Moderated Discussion Areas
ContinuousWave: Whaler Performance
|Author||Topic: Trailer Brakes|
posted 03-28-2002 11:54 PM ET (US)
Does anyone have strong thoughts regarding installing brakes an both axles of a tandem
axle trailer? Just additional maintenance or is the redundancy worth the effort for long hauls?
posted 07-08-2008 12:50 AM ET (US)
I am a firm believer if you have tandem axle have tandem brakes. You are going to get a lot more stopping power and you are going to save your vehicle brakes. I would suggest stainless steel disc brakes. I just added a new set to mine. I used Kodiak brand, suppossed to be the top braking setup in the trailer world, or so I have been told.

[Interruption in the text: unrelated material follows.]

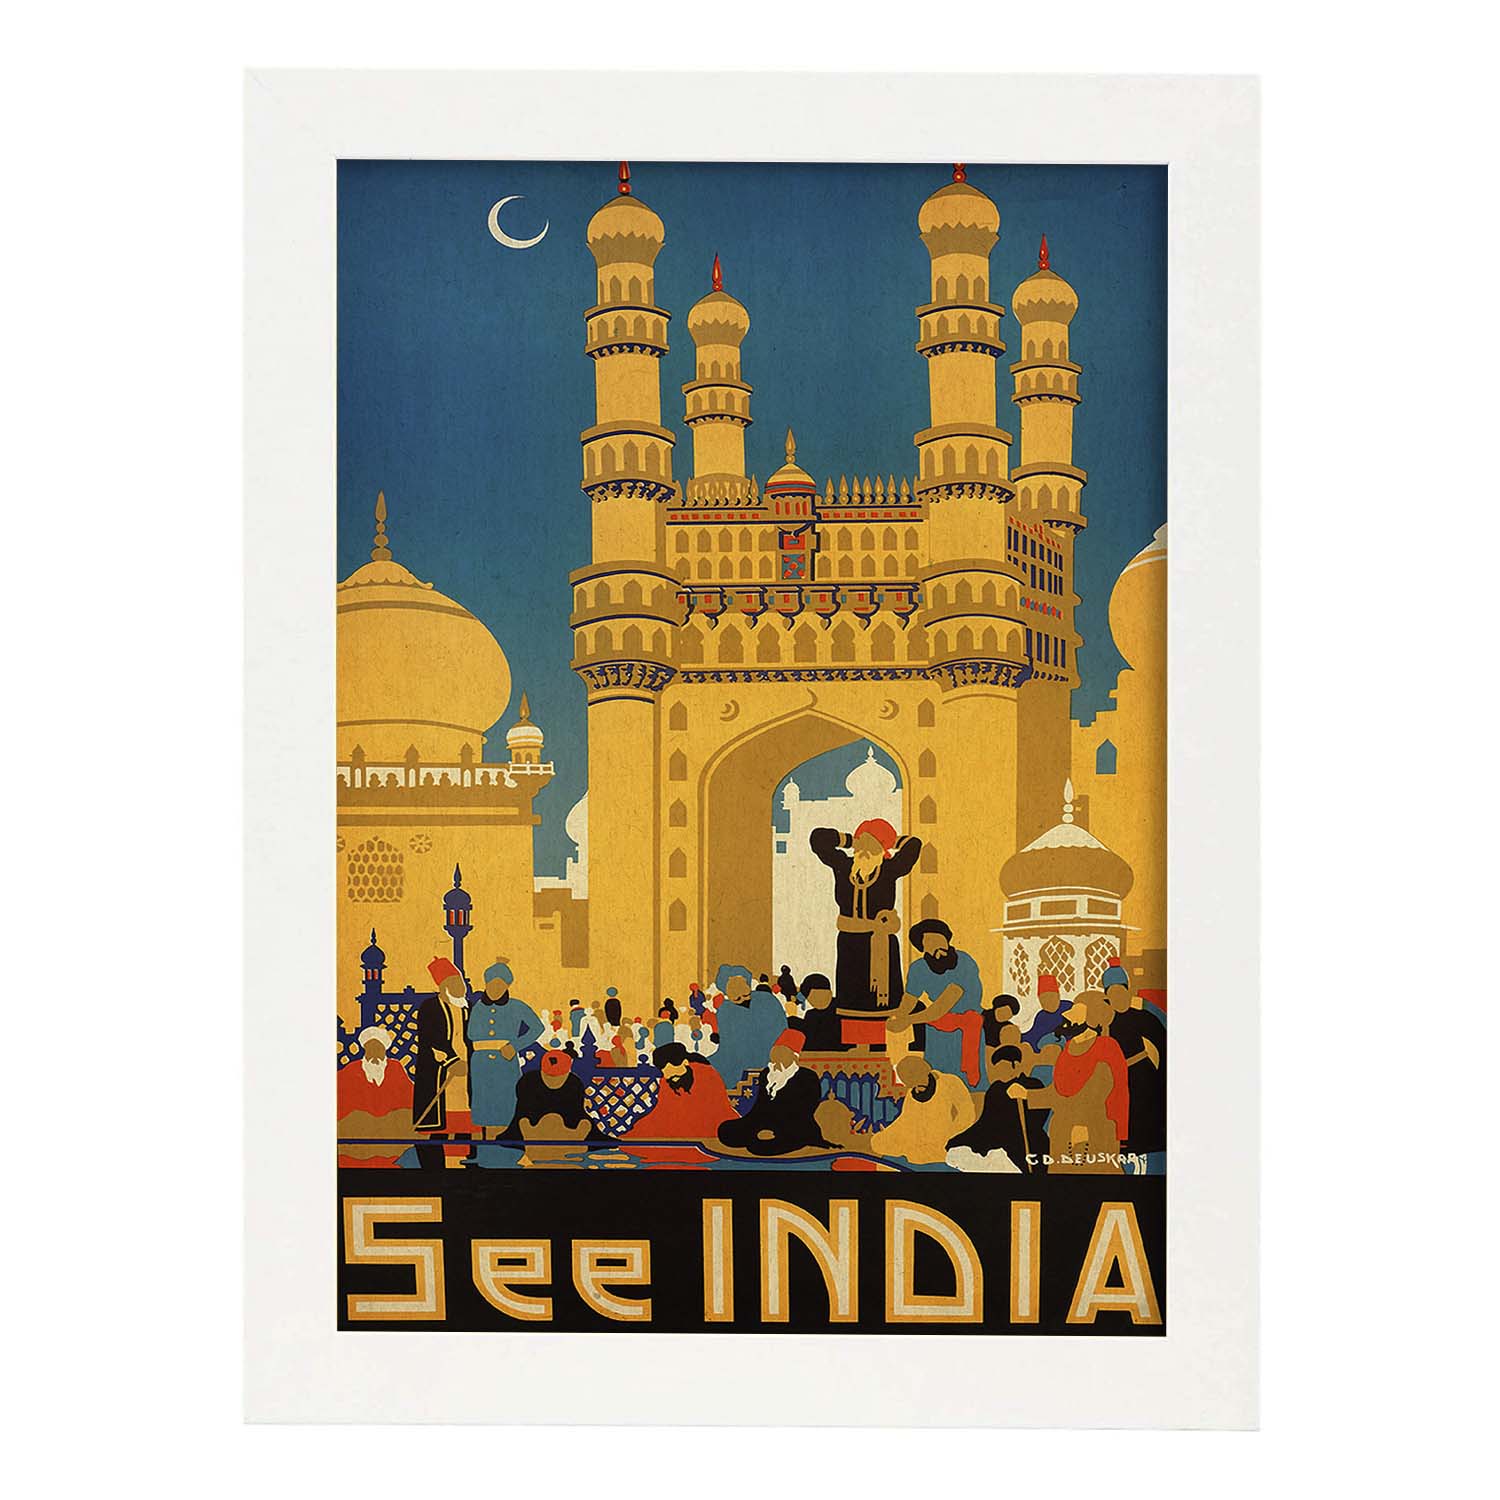 Poster vintage. Cartel vintage de Asia. Templo de India.-Artwork-Nacnic-A3-Marco Blanco-Nacnic Estudio SL

Not sure where you are located, but I would shop for [Kodiak brand brakes]. I know I was looking at over $1,000 locally. I found mine at a trailer parts store online. They will work with you on price if you call them, even if the brakes are on sale on their site. www.TrailerPartsSupply.com
They also sell lawn mower part, but they have a huge selection of trailer parts. I think they have anything you would ever need for a trailer. I know it is in the tens of thousands of parts. I have bought all my parts from them. Tell them Rick from St. Charles sent you, and tell them I said to take care of you--hehehe. Good people at that place.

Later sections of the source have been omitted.